▶ **Work to be completed**:
Beginning with the line that holds "Bilya Koort Boodja; BKB Centre" and ending with the last line below, please copy every line exactly, add nothing, and leave out the pictures.

▶ **Recorded information**:

§ §

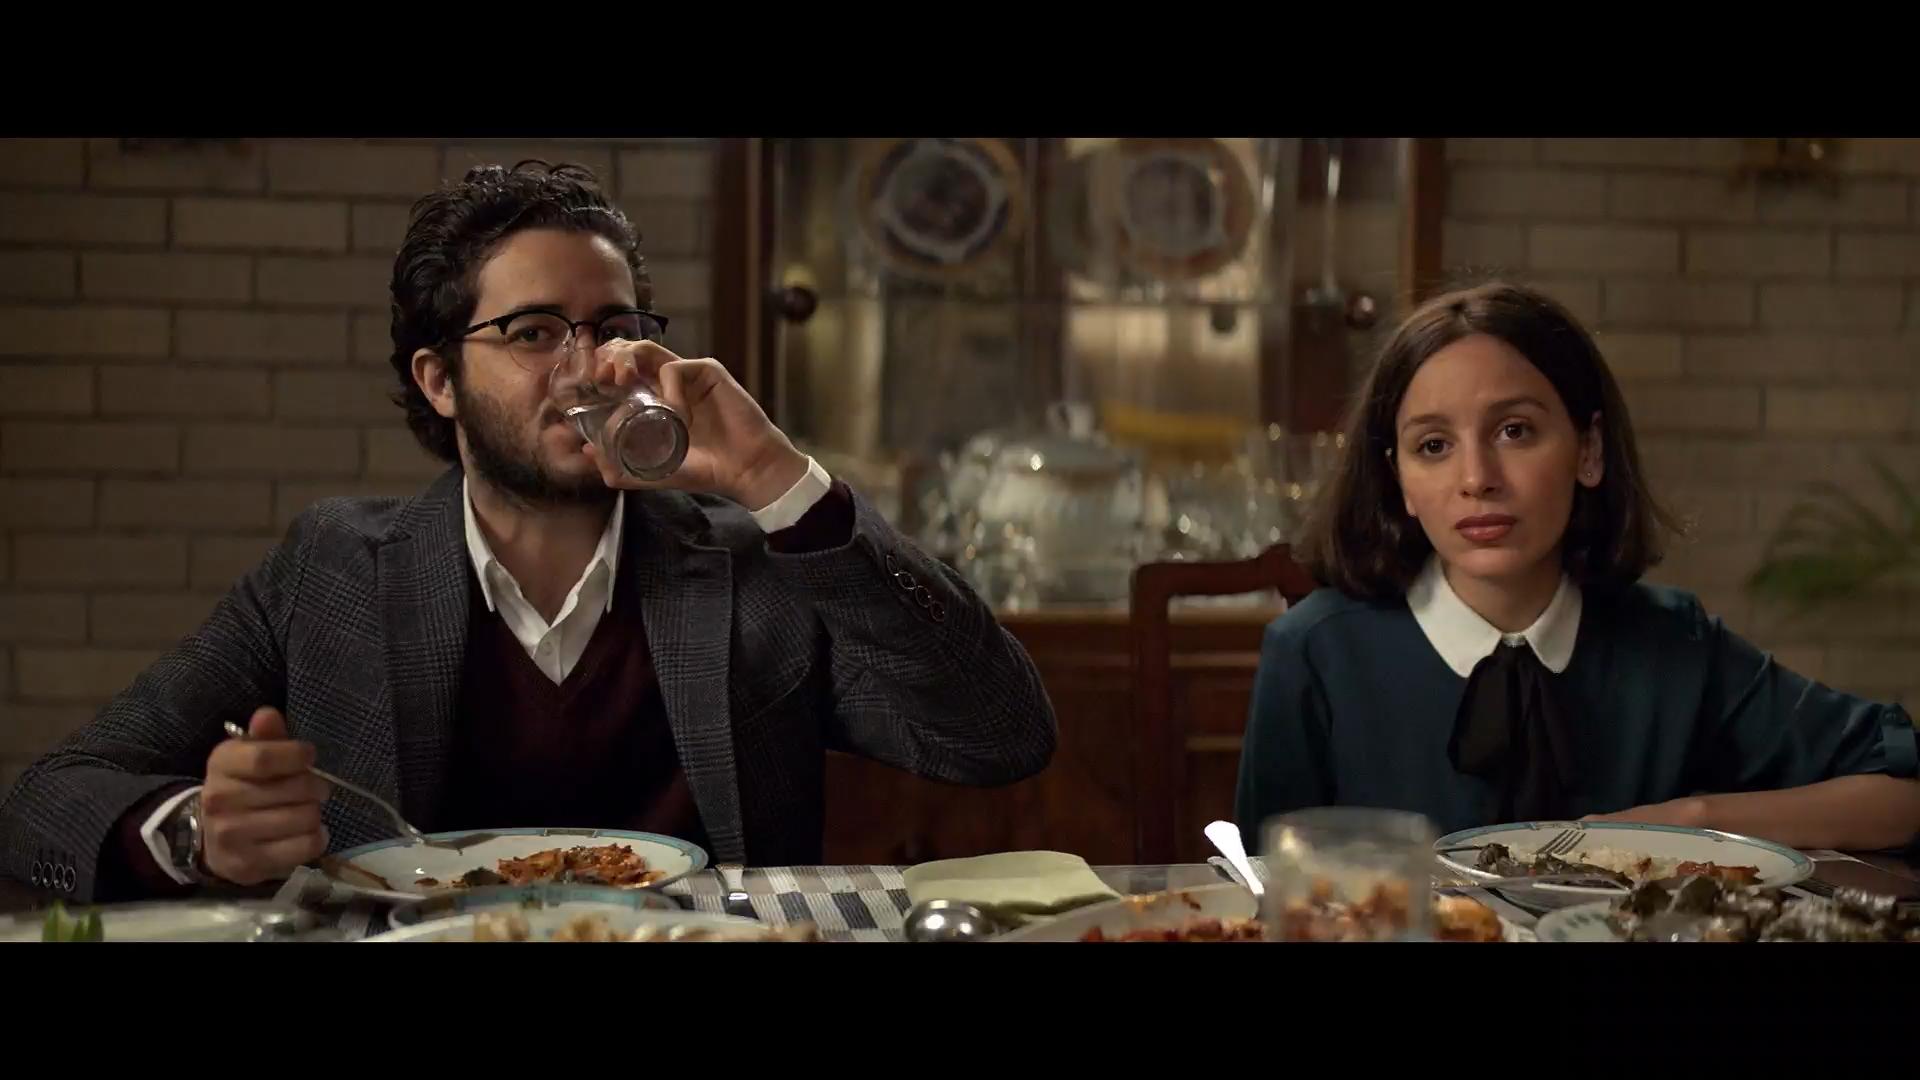 [فيلم][تورنت][تحميل][الضيف][2019][1080p][Web-DL] 3 arabp2p.com
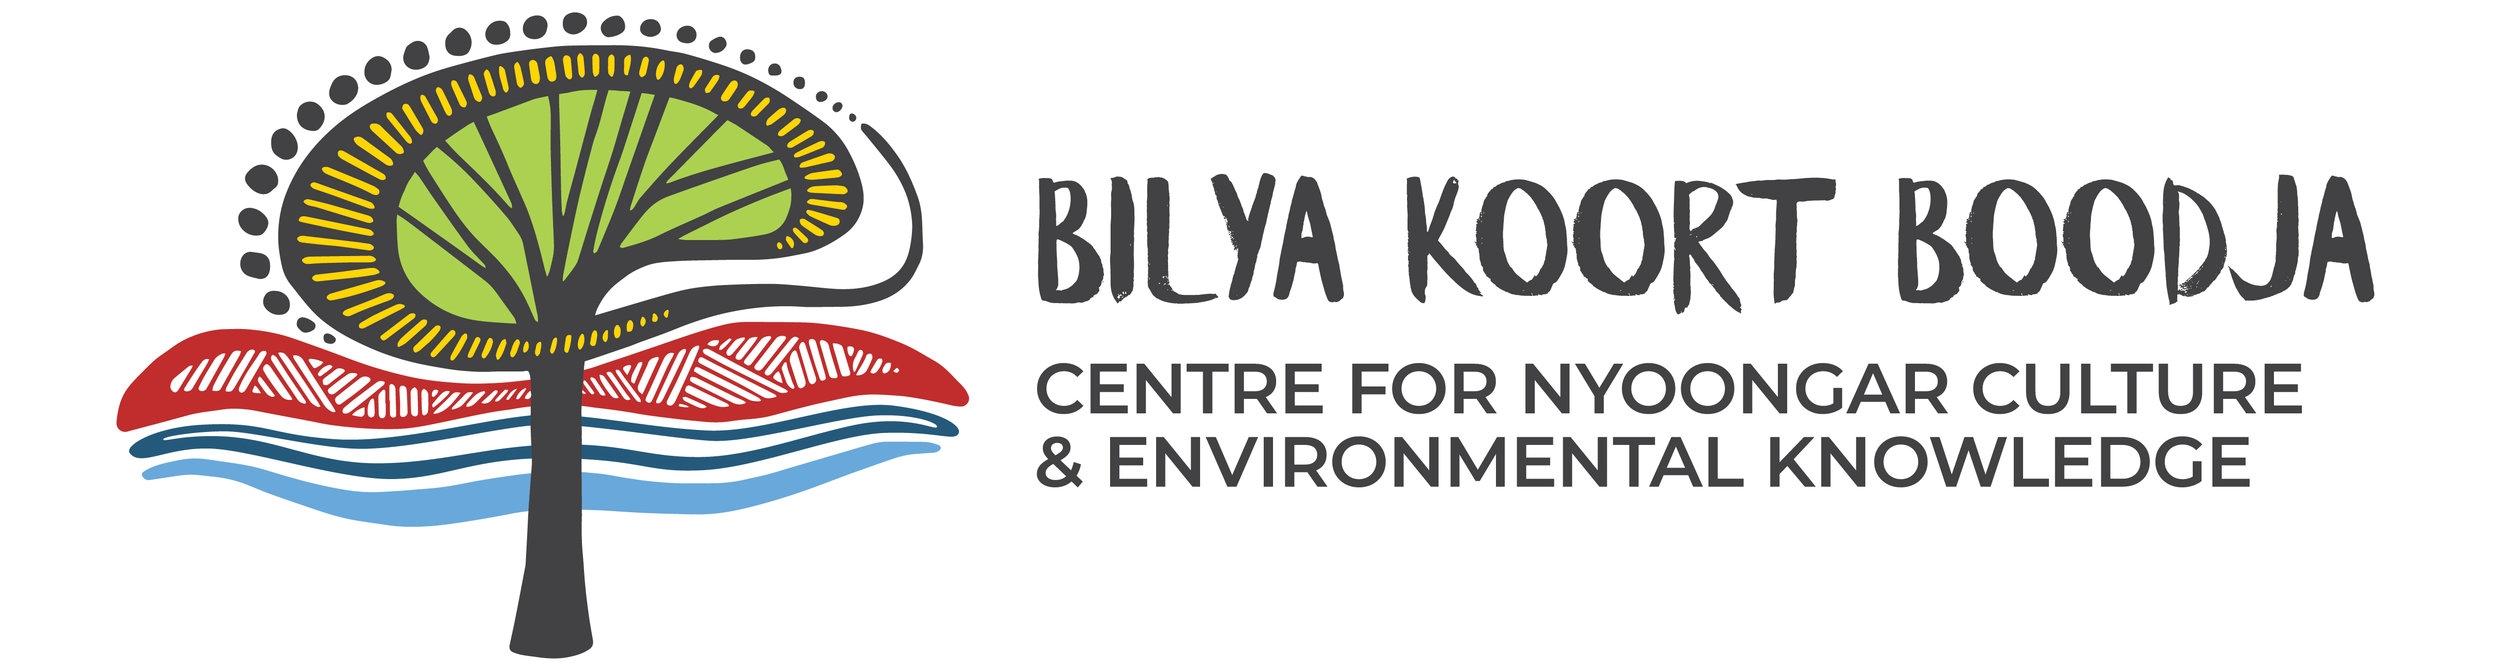 Bilya Koort Boodja; BKB Centre
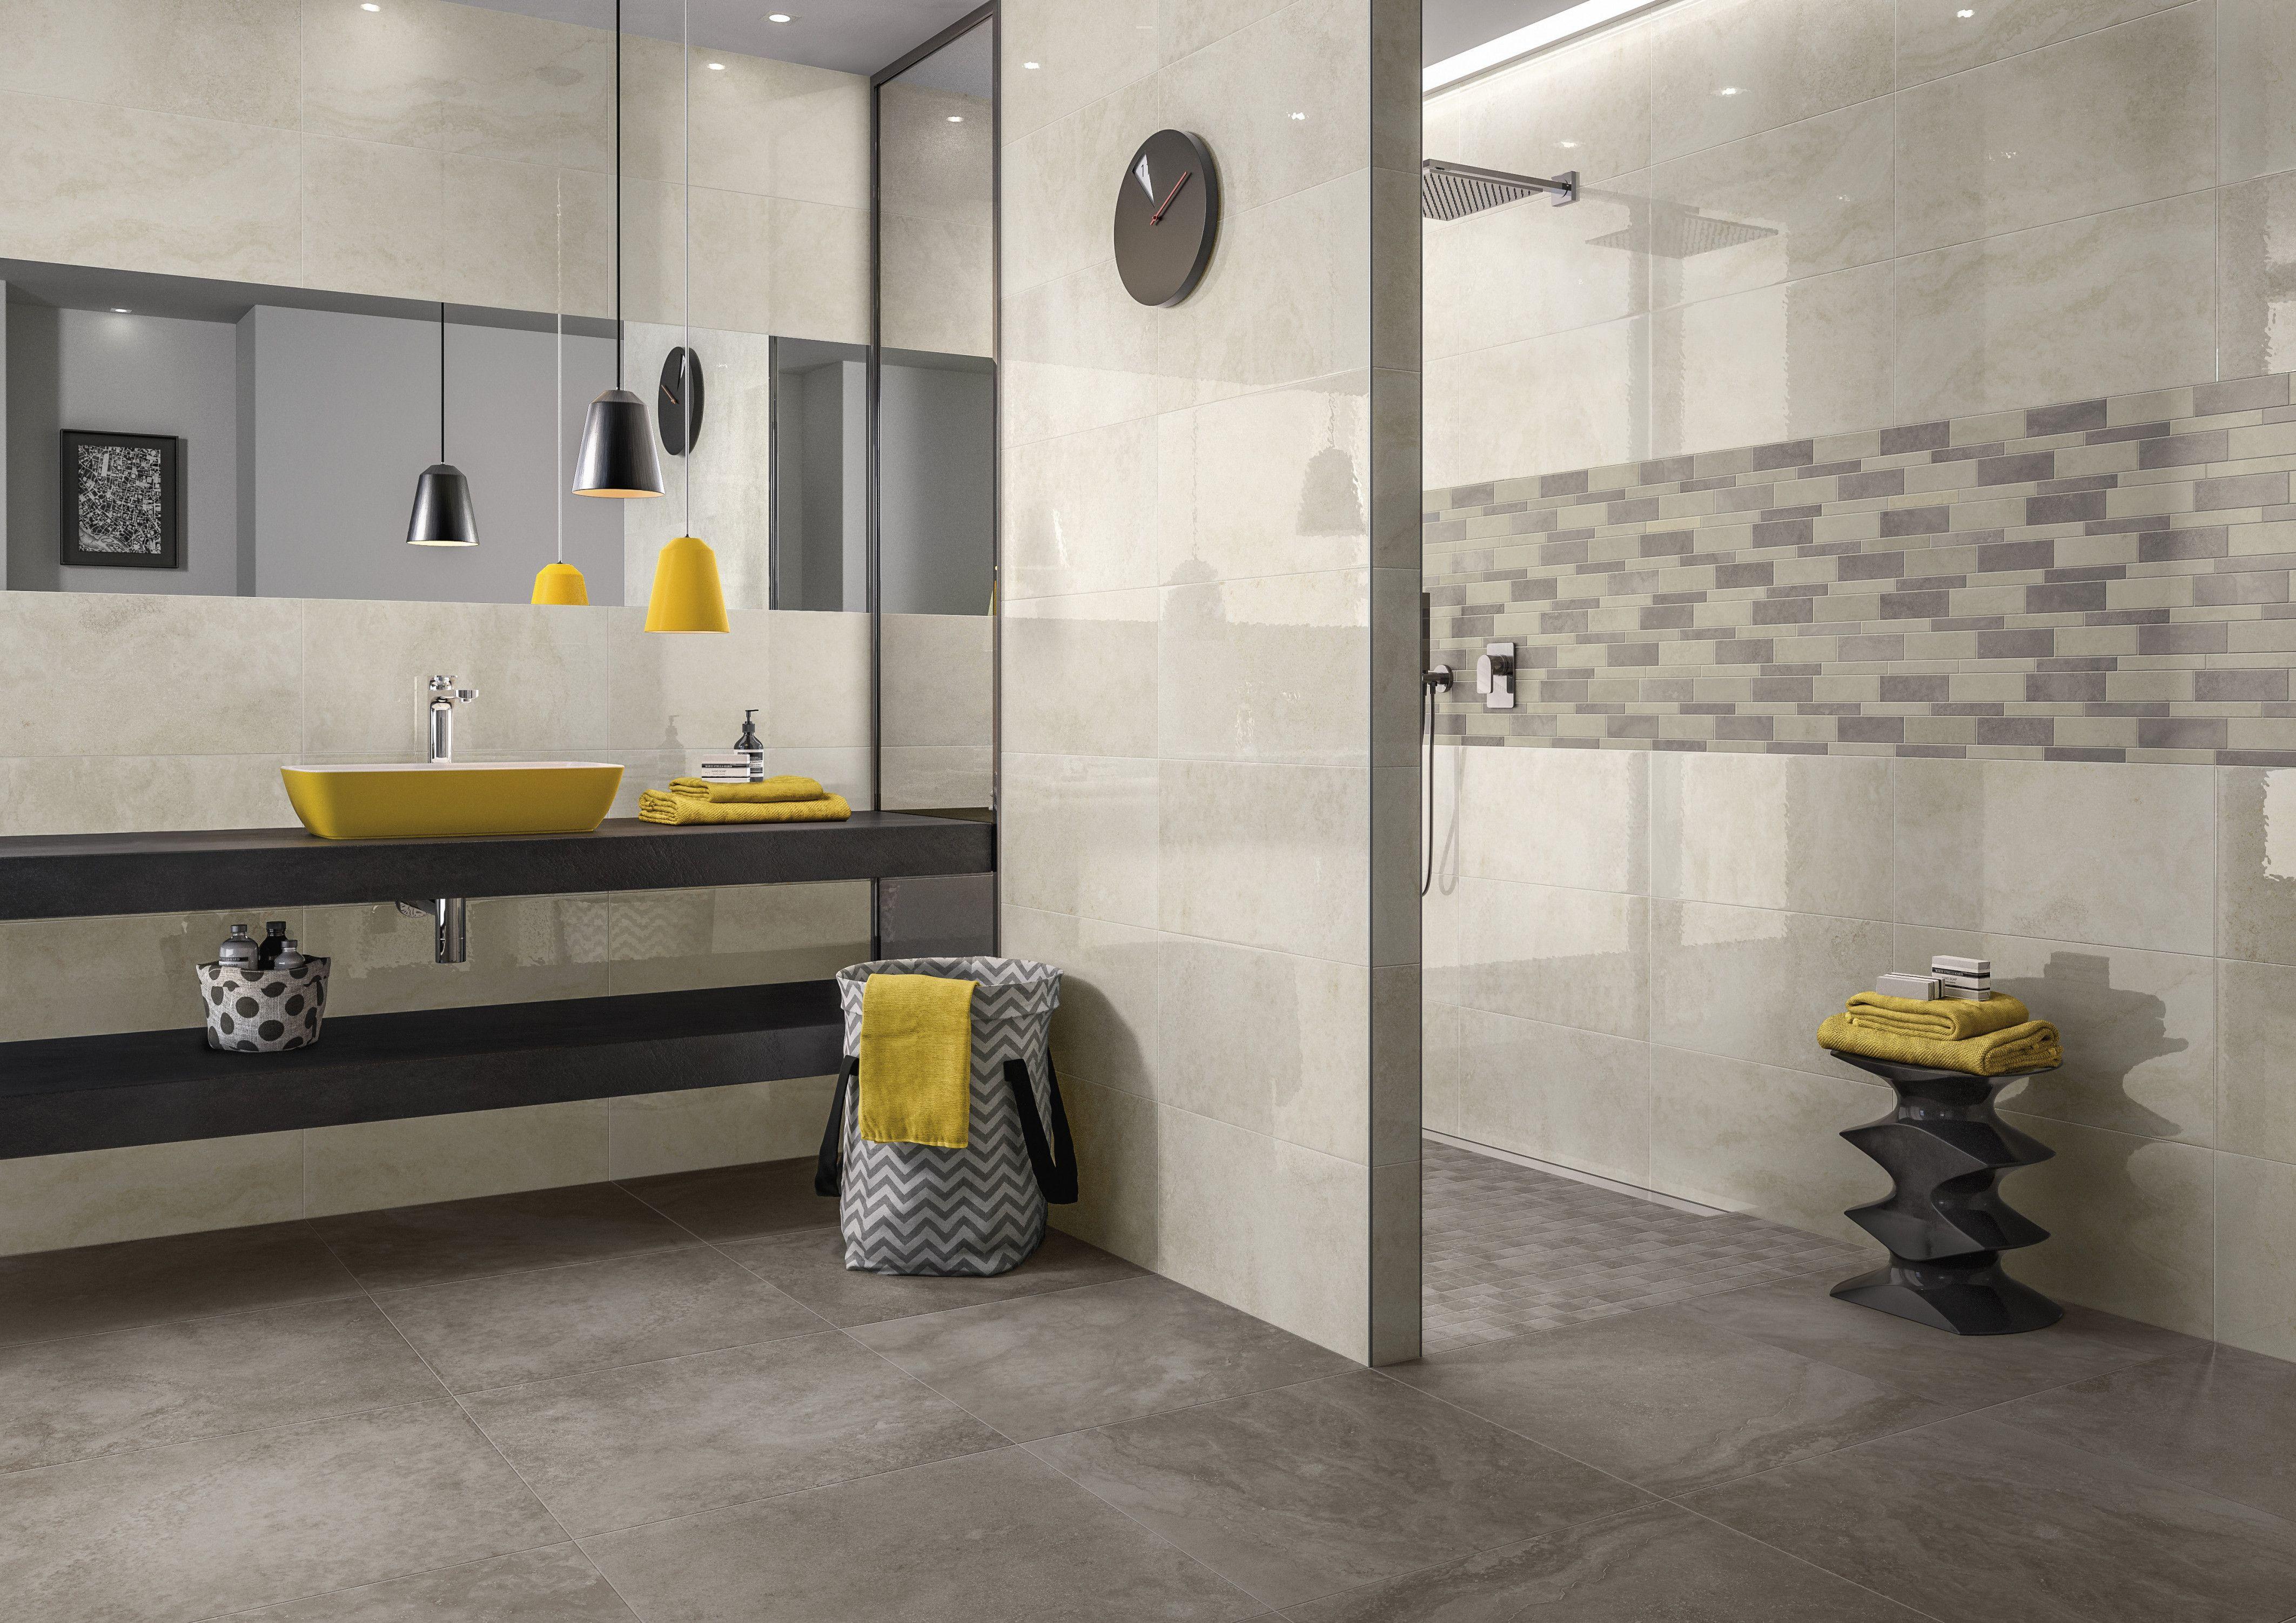 Badezimmertrends 2020 Badtrends Von Schone Badezimmer Fliesen Bild Badezimmer Fliesen Badezimmer Trends Bad Fliesen Ideen

§ §

▶ **Result**:
 Bilya Koort Boodja; BKB Centre
 Badezimmertrends 2020 Badtrends Von Schone Badezimmer Fliesen Bild Badezimmer Fliesen Badezimmer Trends Bad Fliesen Ideen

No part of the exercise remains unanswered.